Kardamili—The Mani Coast—Greece.


I arrived in Kardamili last Friday. The Poet Homer, around 1200 BCE first mentioned Kardamili as one of the seven towns that Achilles was offered by Agamemnon as a dowry to settle the Trojan War. During that era, Kardamili was the main port for the city-state of Sparta along with Gythio. Local legend dictates that the tombs of Castor and Pollux—twin brothers of the Helen of Troy—reside in the old town of Kardamili.

Ruling for two centuries dating back to sixteenth century, The Troupakis-Mourtzinos Clan proved to be the most powerful and engaged in the War of Independence in 1821 against the Turks. The clan ruled from fortified tower-houses in the old town of Kardamili. These tower-houses exist everyplace on the Mani Coast.

Within the old town, an 18th century church, with a collection of vacant tower-houses still remain, and are well preserved. I experienced the town of Kardamili quite delightful and charming and one that will go onto my chart of favorite towns, but another town that survives solely from tourism.

The hotel owner, an old crouched over woman, was quite interesting, she didn’t speak any English, although we did accomplish the bargaining process. She said 40 Euro a night for the room, which had a kitchenette. I moaned and groaned and she asked my how much and I said 35 Euro. She agreed reluctantly; I gave her 100 Euro and asked for my change. We went down stairs and she offered tea, she called her son who speaks English. The old, crouched over woman tried to bargain for a higher price and I said no, she did give me the change with a downhearted demeanor.

After about twenty minutes she knock on the door, she started to show me that I had to run the water a long time to receive the hot water, and then asked if I would stay for three days. I said no, but I knew that she was not comfortable with the price of 35 Euro. I was somewhat pestered from her whining and just gave her 20 Euros more, which added up to 45 Euro a night. She was hesitant, but took the money—I will not make a big deal out of money.
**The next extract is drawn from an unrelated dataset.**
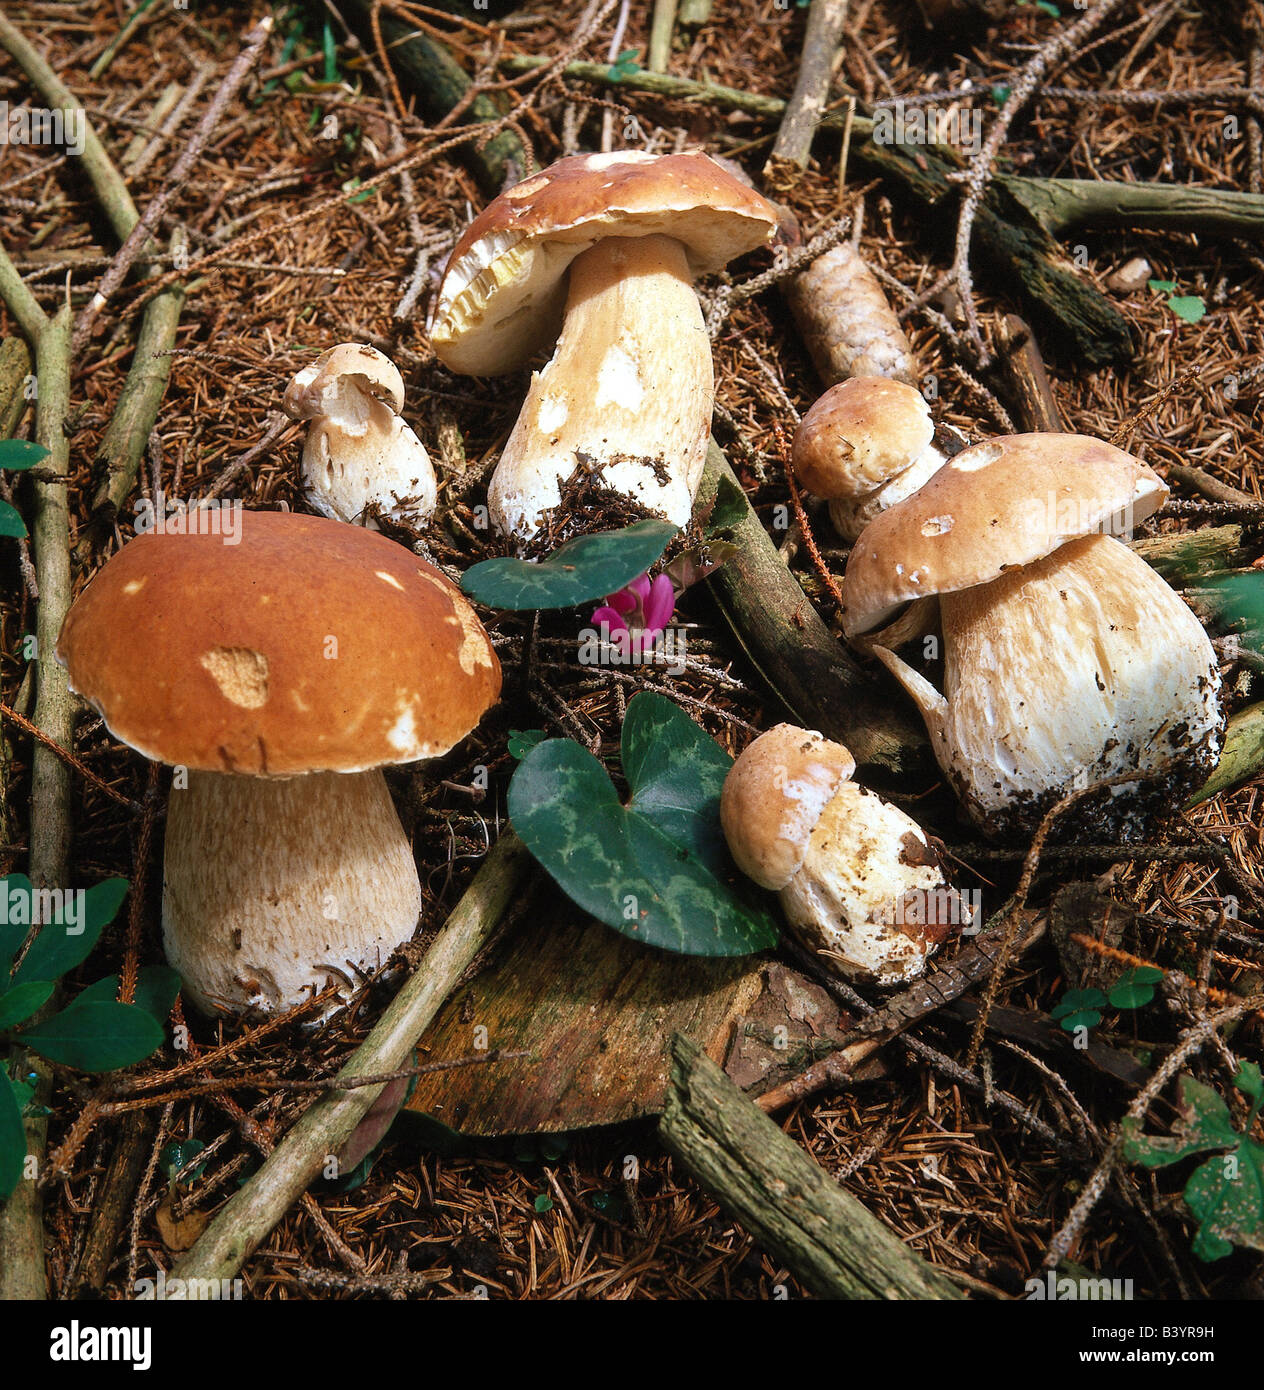 botany, fungi, Boletus, Cep, (Boletus edulis), several mushrooms on woodground, eatable, edible mushroom, Boletus crassus, Bolet Stock Photo

The next day I stopped at their door and their son was visiting, they invited me inside, and offered homemade wine, feta cheese, homemade organic beef that their other son raises, and a cooked small type of bird they shoot out of the sky with its head attached, and we were all joyful having a bunch of laughs. There were so happy, they let me use an iron, and turned on the heating so I could dry my clothes that I washed in the room.

Interesting enough, the day I was leaving I stopped to give them the key, and again, they served me tea and we said our goodbyes; the lady followed me out and give me 10 Euros back and kissed me on both checks. I find it fascinating how people relate to money.